With support from NICHD’s Human Placenta Project, researchers developed a potential same-day test to identify abnormal fetal chromosomes, a common cause of pregnancy loss. The investigators compared their Short-read Transpore Rapid Karyotyping (STORK) test with standard methods by evaluating more than 200 diverse tissue and fluid samples. Their results suggest that STORK can quickly and inexpensively detect extra or missing chromosomes with accuracy comparable to that of standard tests. Although larger studies are needed to validate STORK, it may be useful for providing rapid identification of genetic causes of miscarriage and in screening embryos produced by in vitro fertilization.

To advance understanding of fertility and infertility, one NICHD-funded study found that weight loss before infertility treatment does not improve the live birth rate among women with obesity and unexplained infertility. Researchers found no difference in the proportion of live births among women with obesity and unexplained infertility who lost weight before infertility treatment and a similar group who did not lose weight before treatment. The findings from this study of nearly 380 women suggest that there is insufficient evidence to recommend preconception weight loss prior to treatment of infertility in women with obesity and unexplained infertility.
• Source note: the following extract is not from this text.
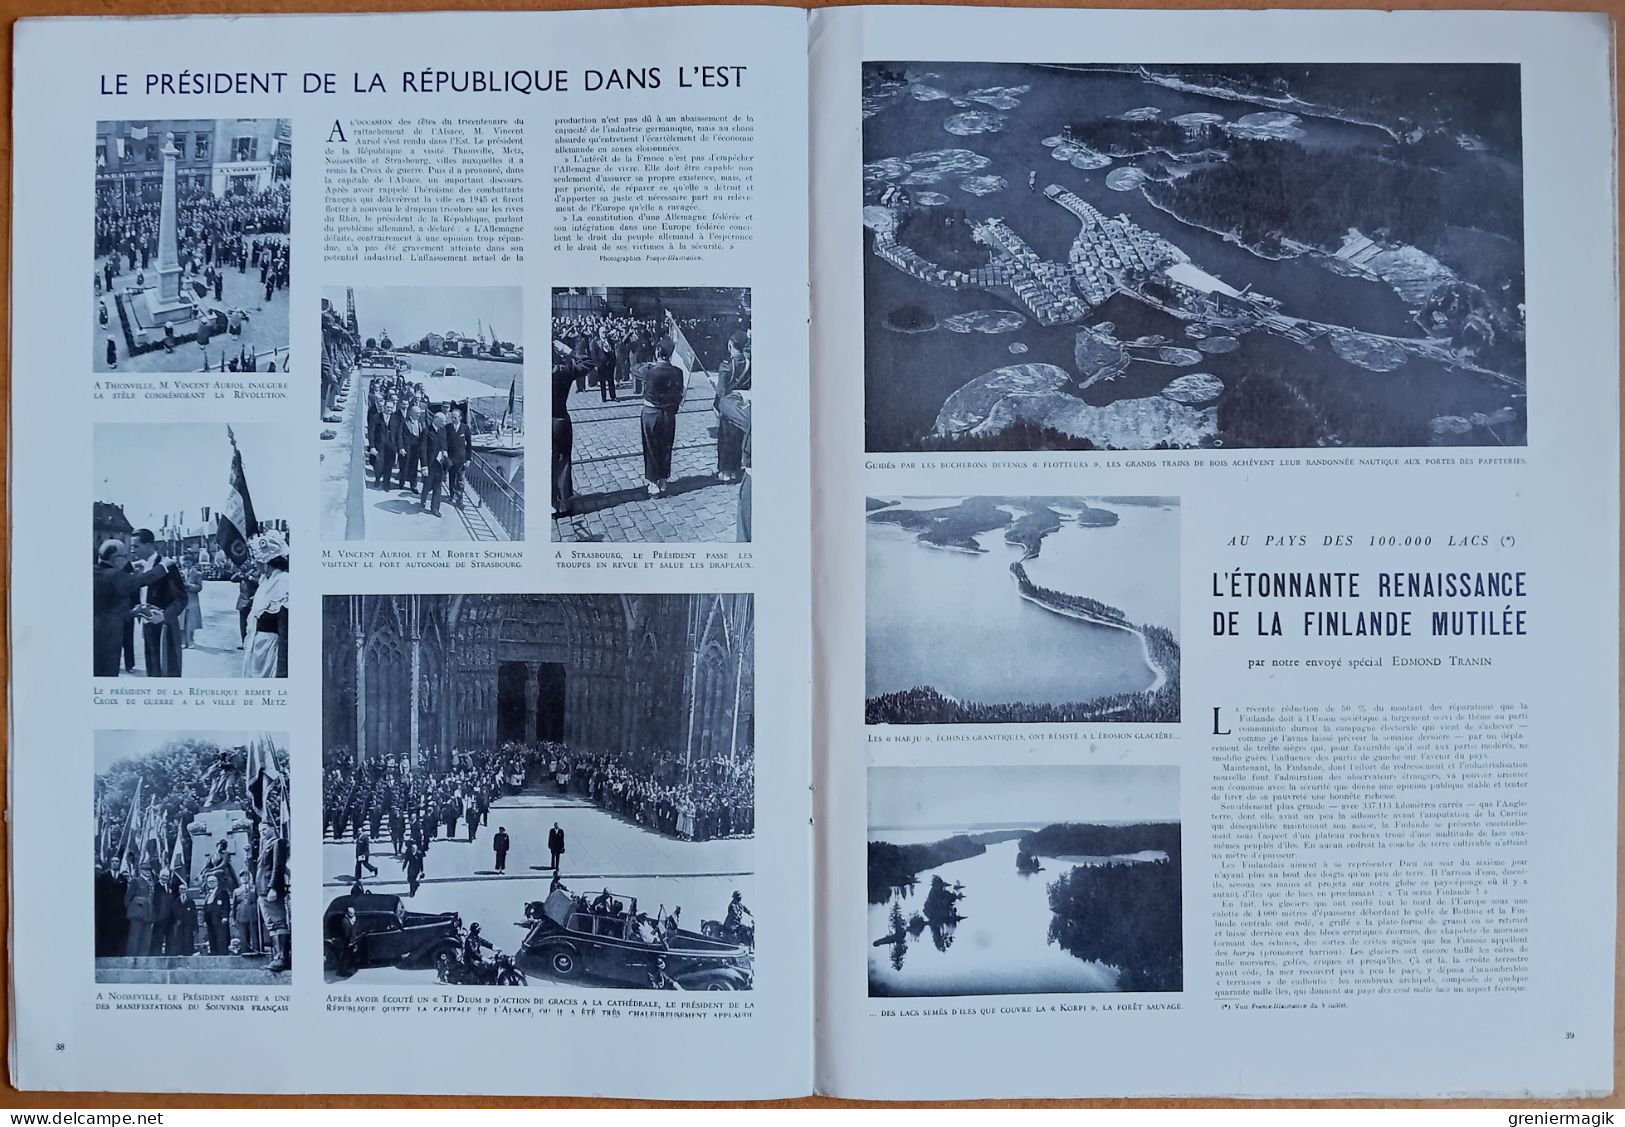 France Illustration N°145 10/07/1948 Le Fezzan/La Chine en armes/Sidérurgie/Funambule Garmisch/Finlande/L'art iranien

Another study, conducted by NICHD scientists, found that children conceived through infertility treatment may have a higher risk for asthma and allergies. Compared to children conceived without infertility treatment, those conceived after treatment were more likely to have persistent wheeze by age 3, a potential indication of asthma. At 7 to 9 years old, children conceived with treatment were 30% more likely to have asthma, 77% more likely to have eczema, and 45% more likely to have a prescription for an allergy medication. Further research is needed to explore how infertility treatment or parental fertility may influence the development of asthma and allergy in children.
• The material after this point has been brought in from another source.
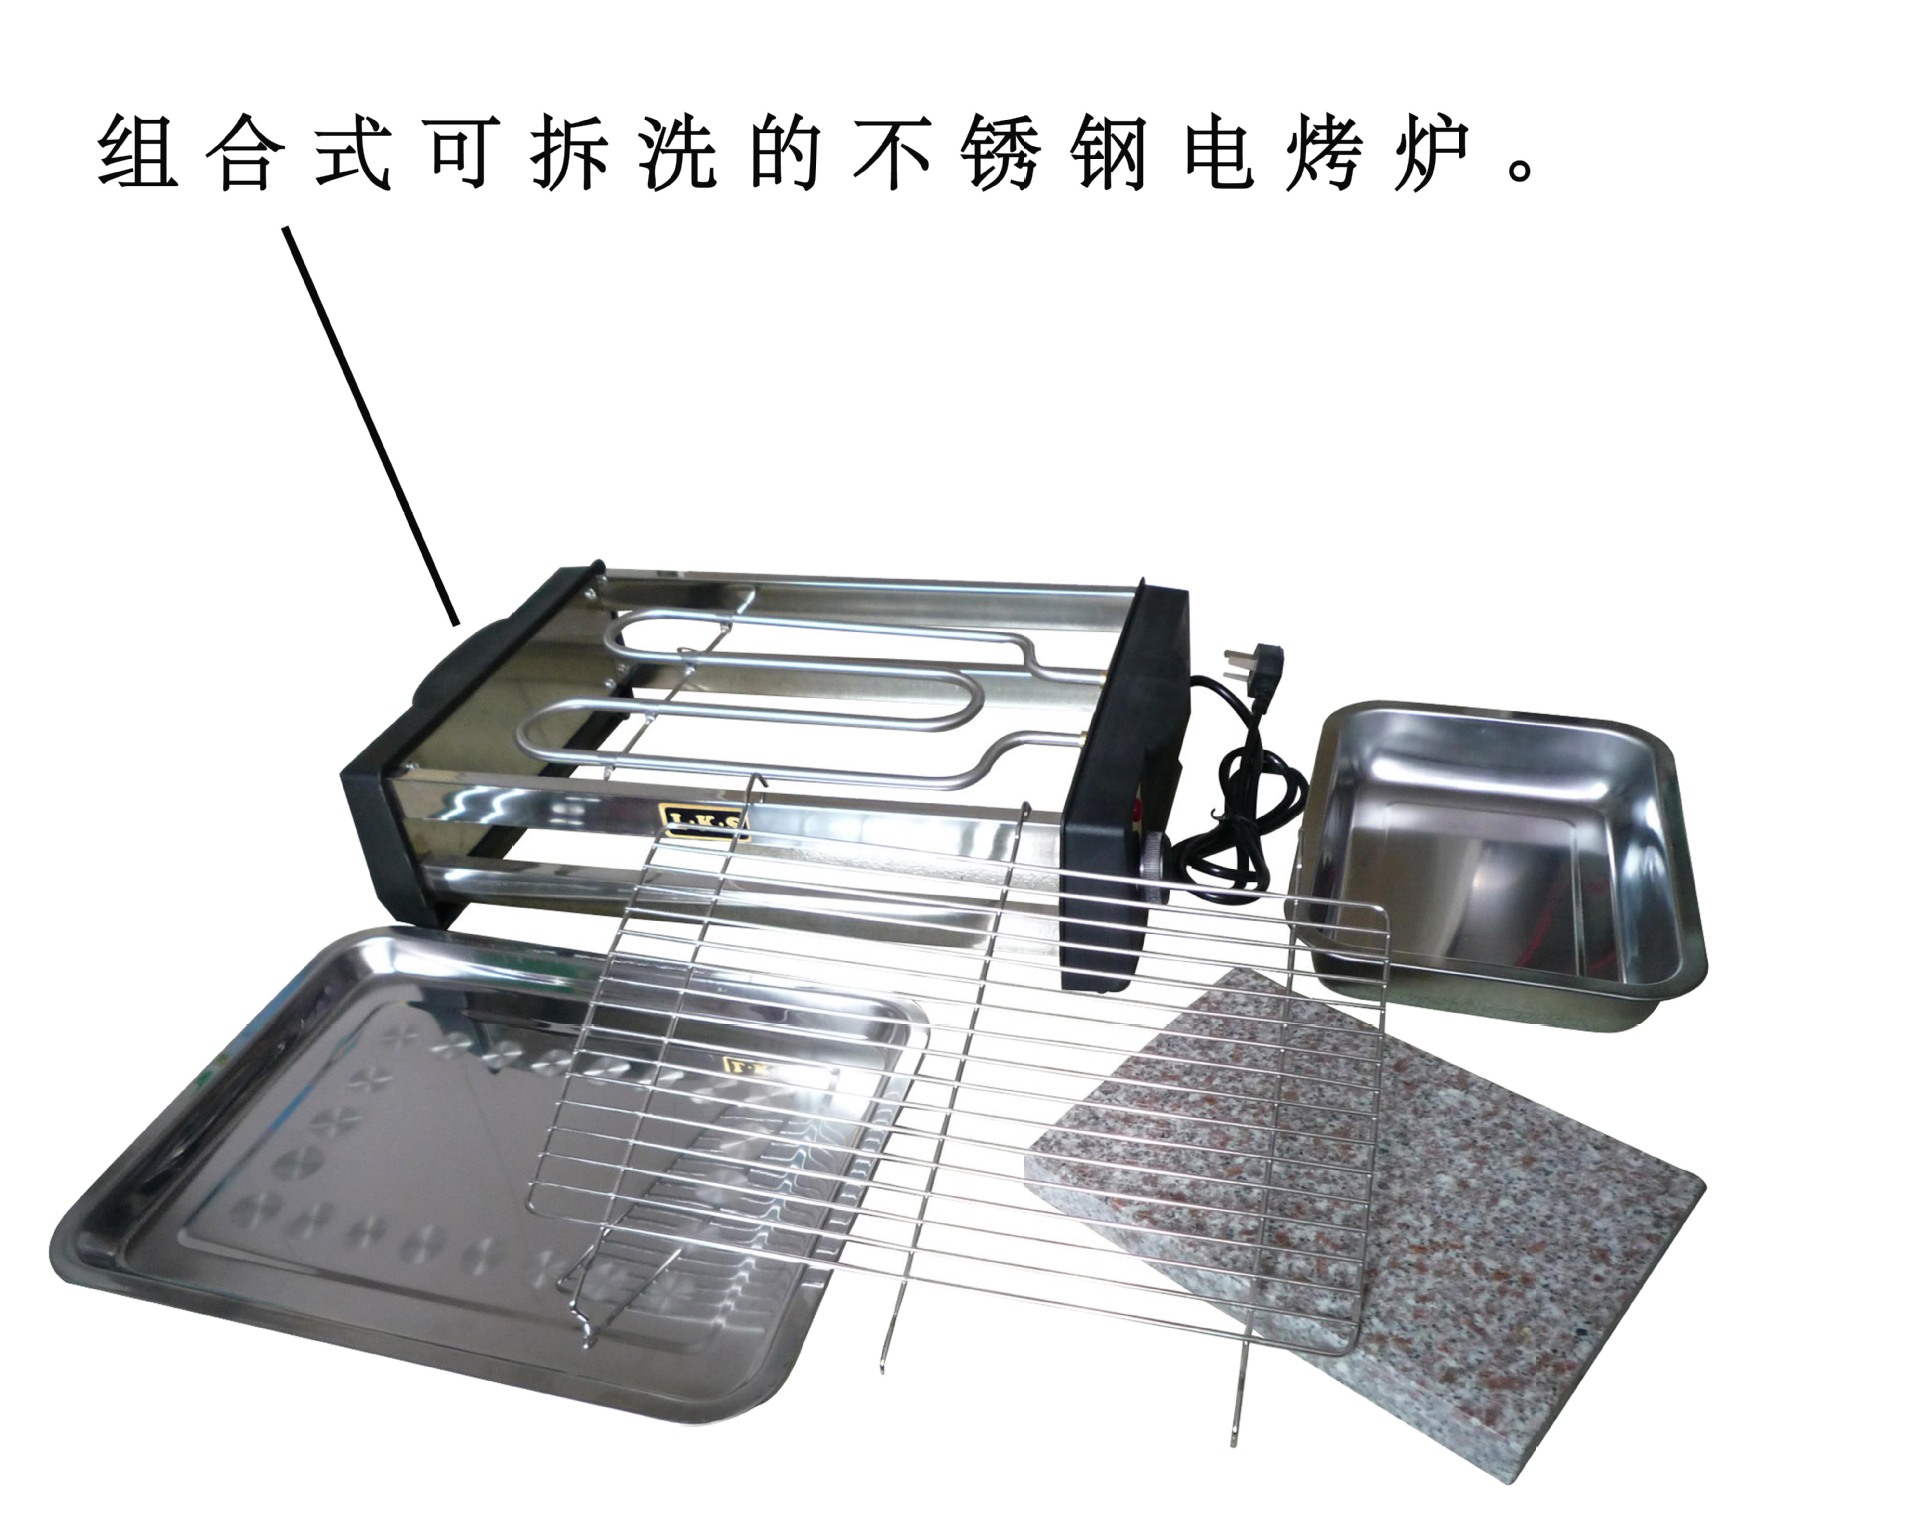 5.组合式可拆洗的不锈钢电烤炉。

The institute also supports a broad portfolio of basic research and clinical studies on contraception. For example, NICHD-supported work identified potential nonhormonal male contraceptives that block the action of bromodomain testis-specific protein (BRDT), which comprises the two closely related domains, BD1 and BD2. Previous studies established that BRDT-BD1 is essential for fertility in mice and suggested that blocking BRDT-BD2 may cause undesirable side effects. Using a novel screening technique, the researchers evaluated more than 4.5 billion small-molecule compounds to identify several that potently inhibit BRDT-BD1 but do not affect BDRT-B2. Research efforts on this nonhormonal contraceptive target are ongoing.
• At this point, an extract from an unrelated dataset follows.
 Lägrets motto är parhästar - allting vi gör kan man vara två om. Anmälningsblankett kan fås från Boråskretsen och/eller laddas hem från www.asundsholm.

Another contraceptive strategy used antibodies to cause sperm to clump together and become immobilized, a process called agglutination. These antibodies also have the potential to trap pathogens in mucus, a feature that NICHD-supported scientists described in a recent review article. Mucus trapping can prevent pathogens from infecting cells and accelerate their removal from the body. Developing ways to exploit this feature of antibodies holds promise for developing both topical contraceptives and multipurpose prevention technologies—products designed to prevent both pregnancy and sexually transmitted infections.